Şimşek, "Özellikle önümüzdeki dönemde biz finansal mimari ve altyapının güçlendirilmesi programıyla, finansal ekosistemde uygulayacağımız reformlarla, finansal istikrarı daha da güçlendireceğiz, pekiştireceğiz. Sermaye piyasalarını derinleştireceğiz, sürdürülebilir finans, katılım finansı ve sigortacılık sektörünün gelişmesi için önemli adımlar atacağız." diye konuştu.
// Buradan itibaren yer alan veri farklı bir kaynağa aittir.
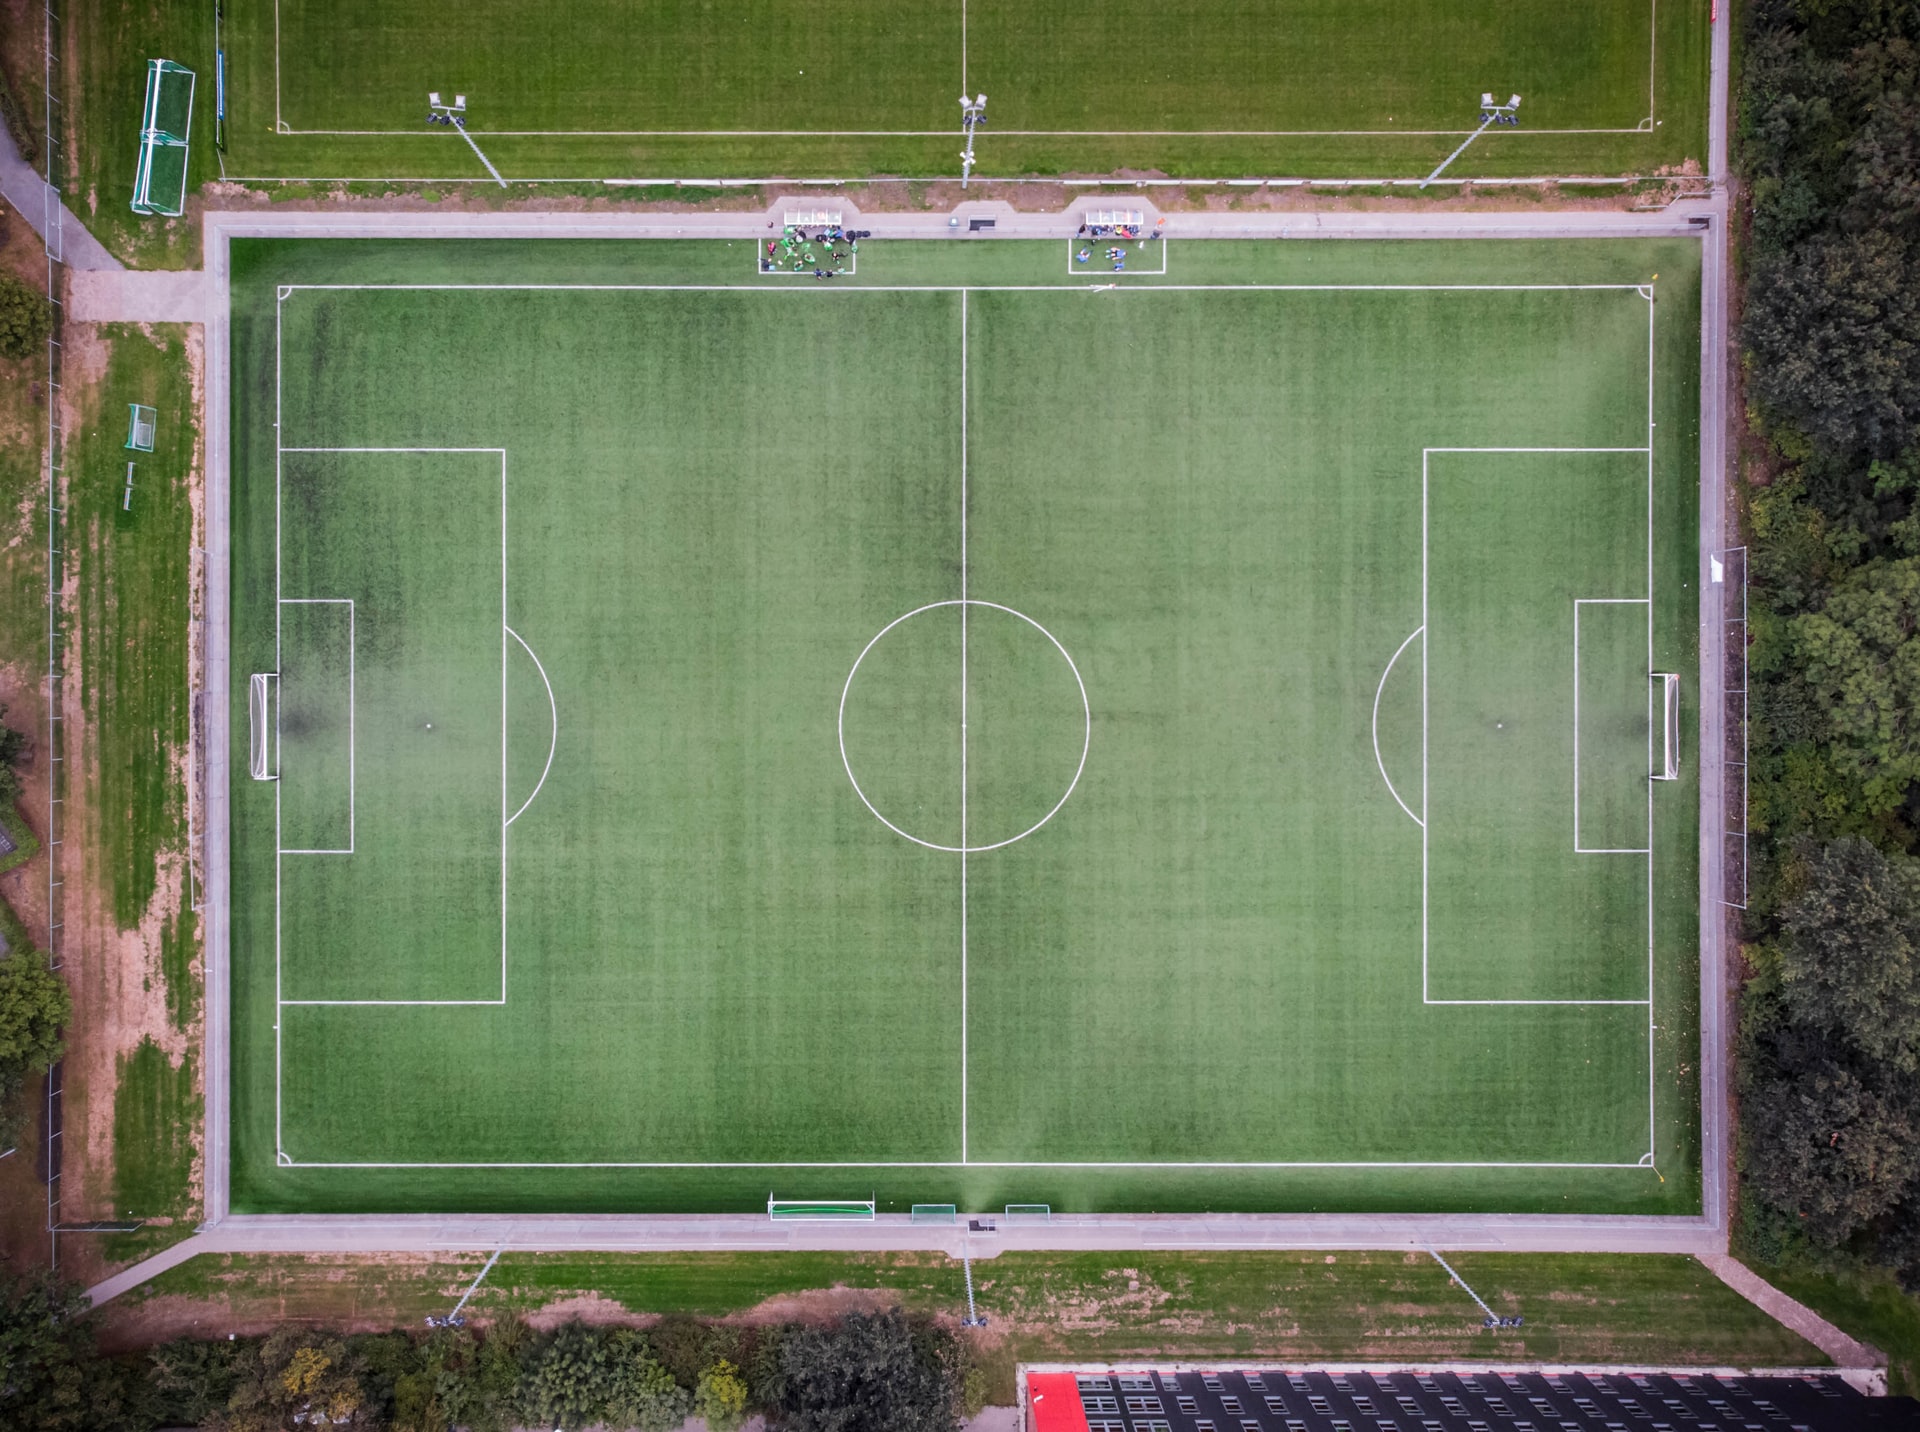 empty football pitch pexels

Bu çerçevede finansal piyasalarda risk yönetimini güçlendireceklerini vurgulayan Şimşek, sözlerini şöyle sürdürdü:
"Sistemik öneme haiz risklerin, kurumların takibini daha etkin bir şekilde yapacağız. Karbon piyasasını kuracağız. Türkiye Cumhuriyet Merkez Bankası ürünlerinin katılım finansa uyumunu sağlayacağız. Katılım esaslı sigortacılığın gelişmesi için ilave adımlar atacağız. Bu güçlü yapısı ve daha destekleyici dış finansman koşulları altında sektörün reel ekonomiyi desteklemek için önümüzdeki dönemde yurt dışı finansman imkanlarını daha güçlü bir şekilde değerlendirmesini bekliyoruz. Dolayısıyla sektörden bir beklentimiz bu."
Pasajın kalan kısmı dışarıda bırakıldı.